Linus my friend,
1.Suppose you are wrong; what are those hundreds of warned Catholics going to do with such disinformation. Why do Catholics need to be warned? Do they not have a mind of their own or do you believe they have not the depth of understanding that you have?
The issue in this thread is
creatio ex nihilo. What I am doing is providing a plausible way in which
creatio ex nihilo can be explained in terms that are familiar, or if not familiar, at least, understandable.
2.If you can’t understand the mathematics how do you know I am wrong? When you say you “don’t need to” are you implying that mathematics has no explicative worth?
3.When you say
ex nihilo means exactly that, what do you mean by “that” ? What does the Church mean by that?
4.Could you please expand on what you mean by “some scarcely definable mathematical something”? If you can’t understand the mathematics how would you know that using transfinite numbers is not a plausible way to explain “creatio ex nihilo”? You certainly don’t want to argue from ignorance of the subject at hand.
5.If we aren’t created from the substance of God who is omnipresent, infinite and eternal, how does and where does the supposed
nihilo (non-existence) occur?

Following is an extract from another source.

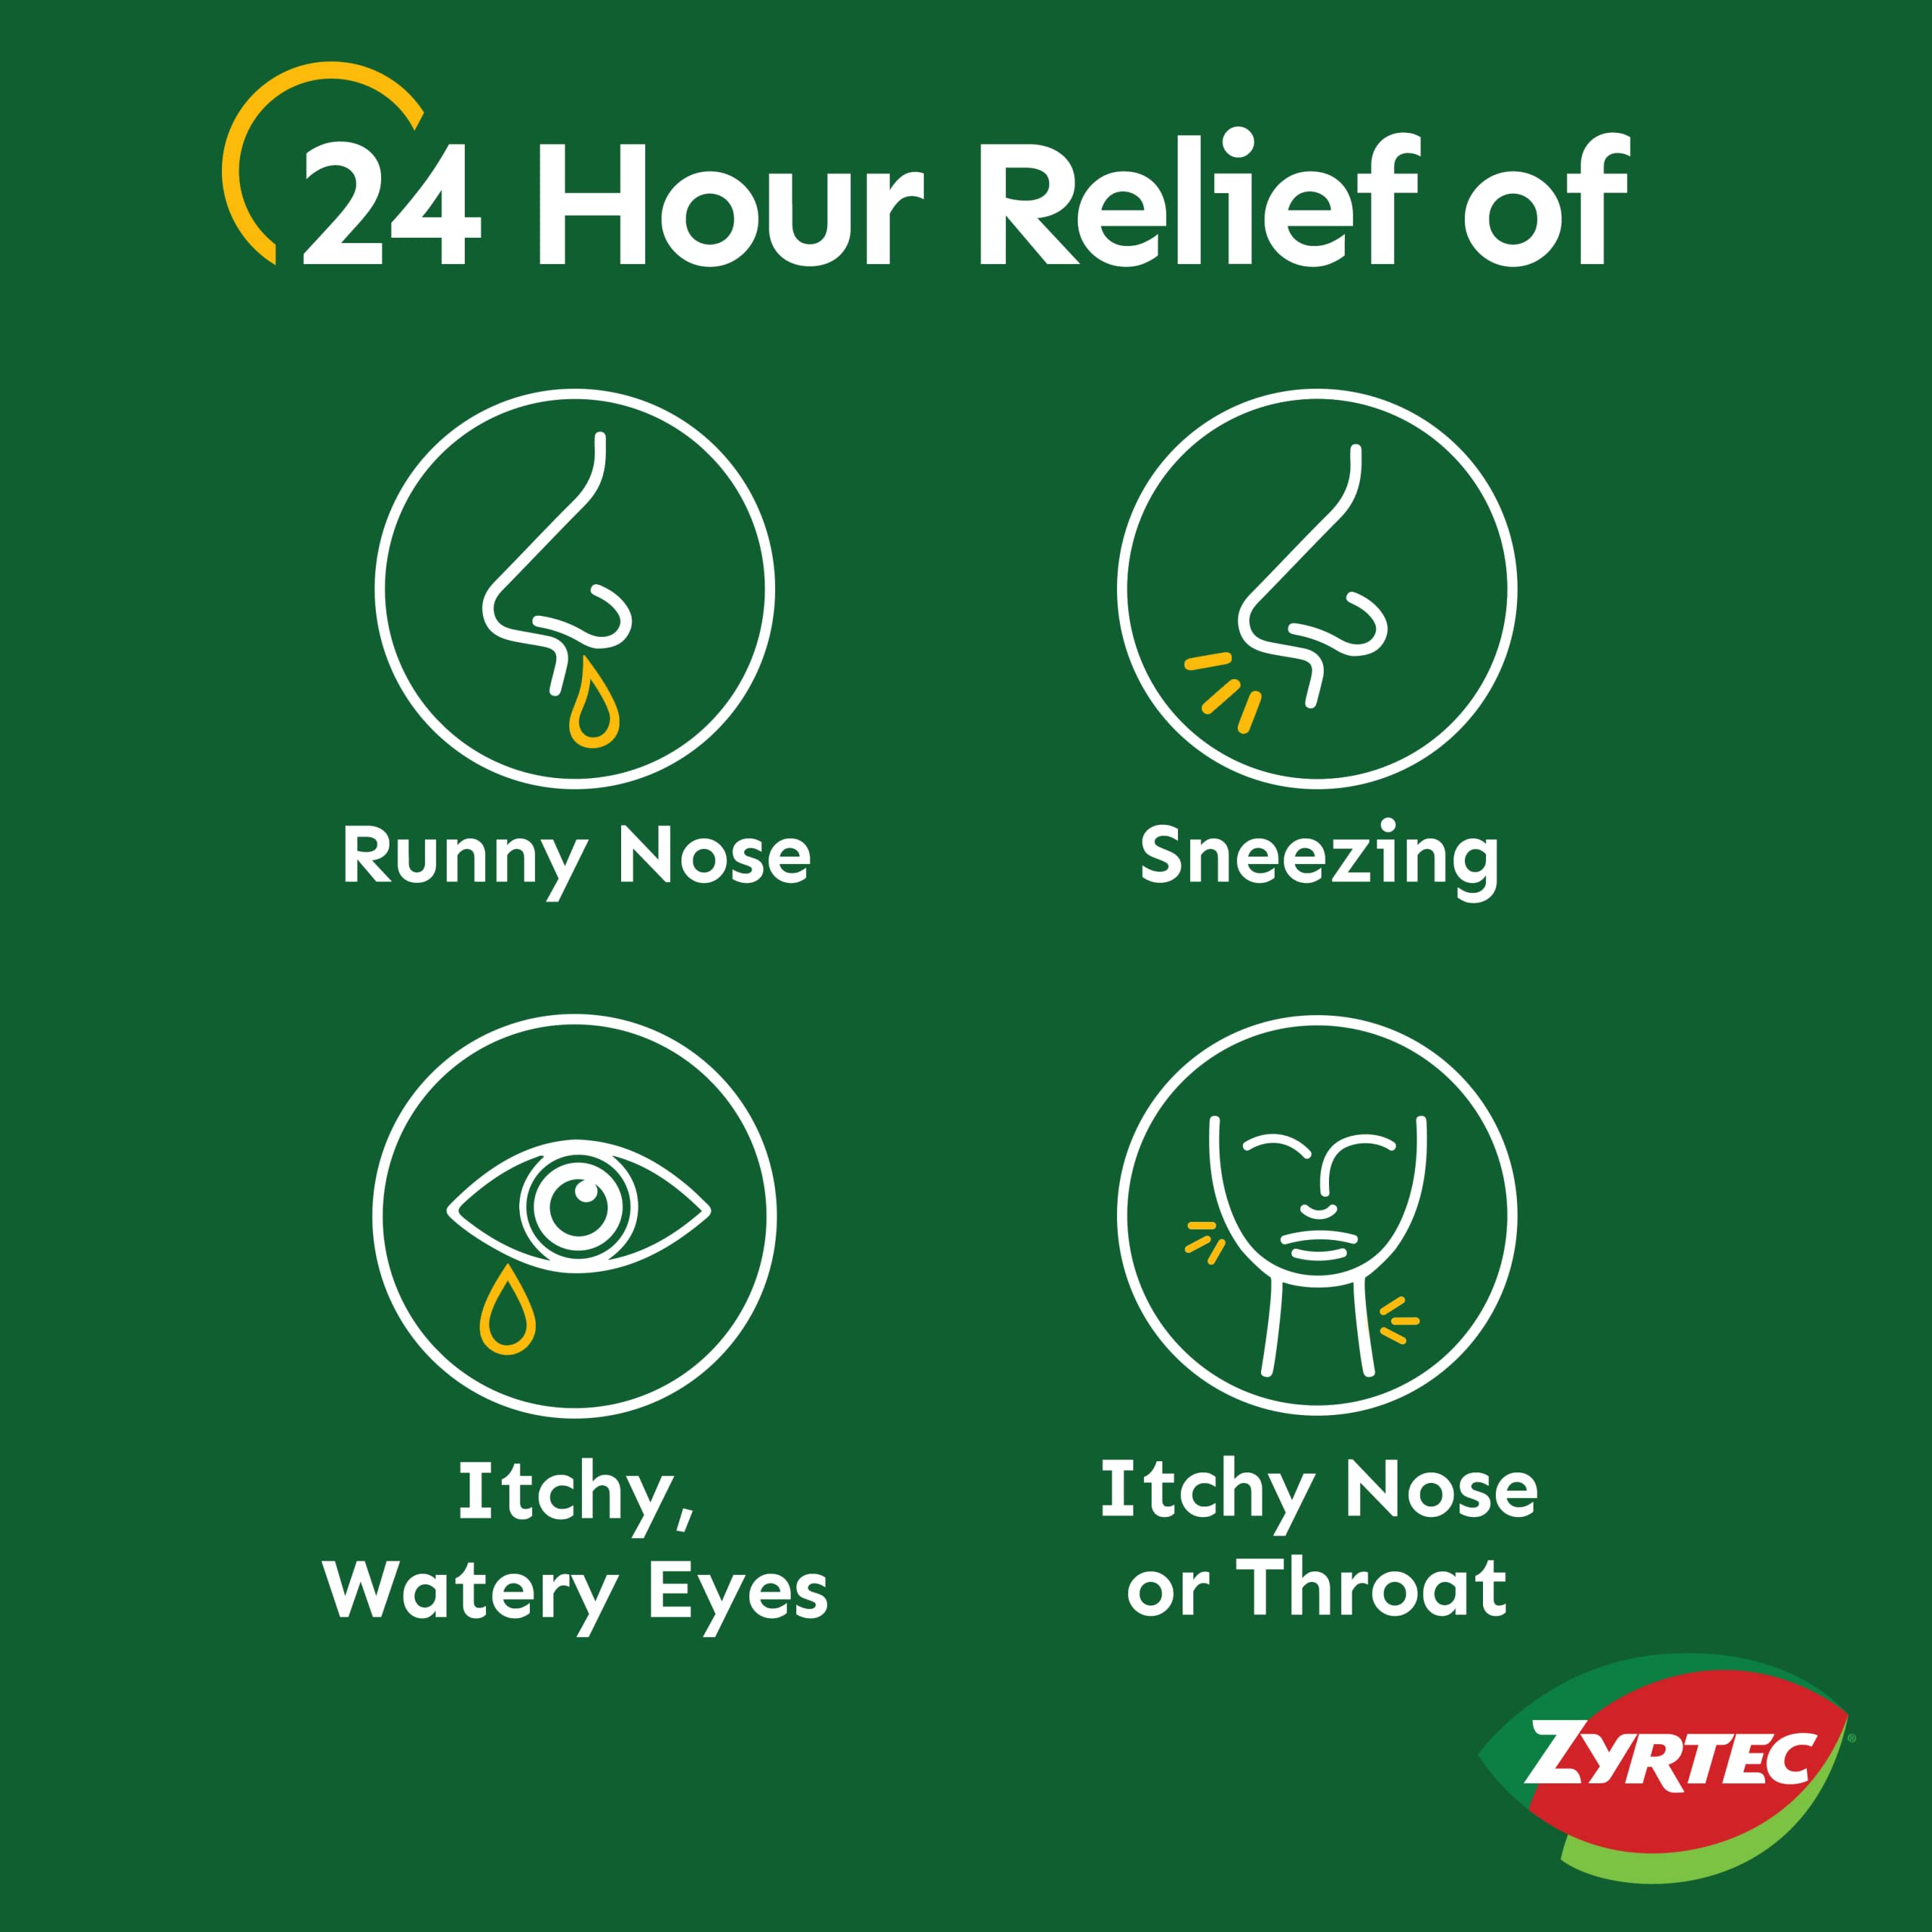 Zyrtec 24 Hour Allergy Relief Tablets, Indoor & Outdoor Allergy Medicine with 10 mg Cetirizine HCl per Antihistamine Tablet, 47ct Bundle Pack (1 x 30ct, 14ct and 3x1ct)

The substance of God surely is not only infinite in extent but also infinitely divisible.
6.Are you implying that there is some other way to exist in God than by thoughts or ideas? Has anyone else claimed such an idea? I sure haven’t. We are created by the power of God - power that is purely spiritual and non-physical - from God’s thoughts and ideas that can only originate in what we humans can only imagine as the Mind of God. Yes, of course, we don’t know with certainty, but one of the great gifts of God that comes to us through Sanctifying (or Habitual) Grace is the gift of wonder. And I wonder with a deep personal feeling of awe in the spirit of the encyclical
Fides et Ratio which states:
para.22: “In the first chapter of his Letter to the Romans, Saint Paul helps us to appreciate better the depth of insight of the Wisdom literature’s reflection. Developing a philosophical argument in popular language, the Apostle declares a profound truth: through all that is created the “eyes of the mind” can come to know God. Through the medium of creatures, God stirs in reason an intuition of his “power” and his “divinity” (cf. Rom 1:20). This is to concede to human reason a capacity which seems almost to surpass its natural limitations. Not only is it not restricted to sensory knowledge, from the moment that it can reflect critically upon the data of the senses, but, by discoursing on the data provided by the senses, reason can reach the cause which lies at the origin of all perceptible reality. In philosophical terms, we could say that this important Pauline text affirms the human capacity for metaphysical enquiry.”
7.How is “God is transcendent” and simultaneously (or conterminously if you wish) “immediately present to it and works intimately in it”. Is this not a contradiction?
- I understand your thinking here and thank you for not playing the “Pantheism” card.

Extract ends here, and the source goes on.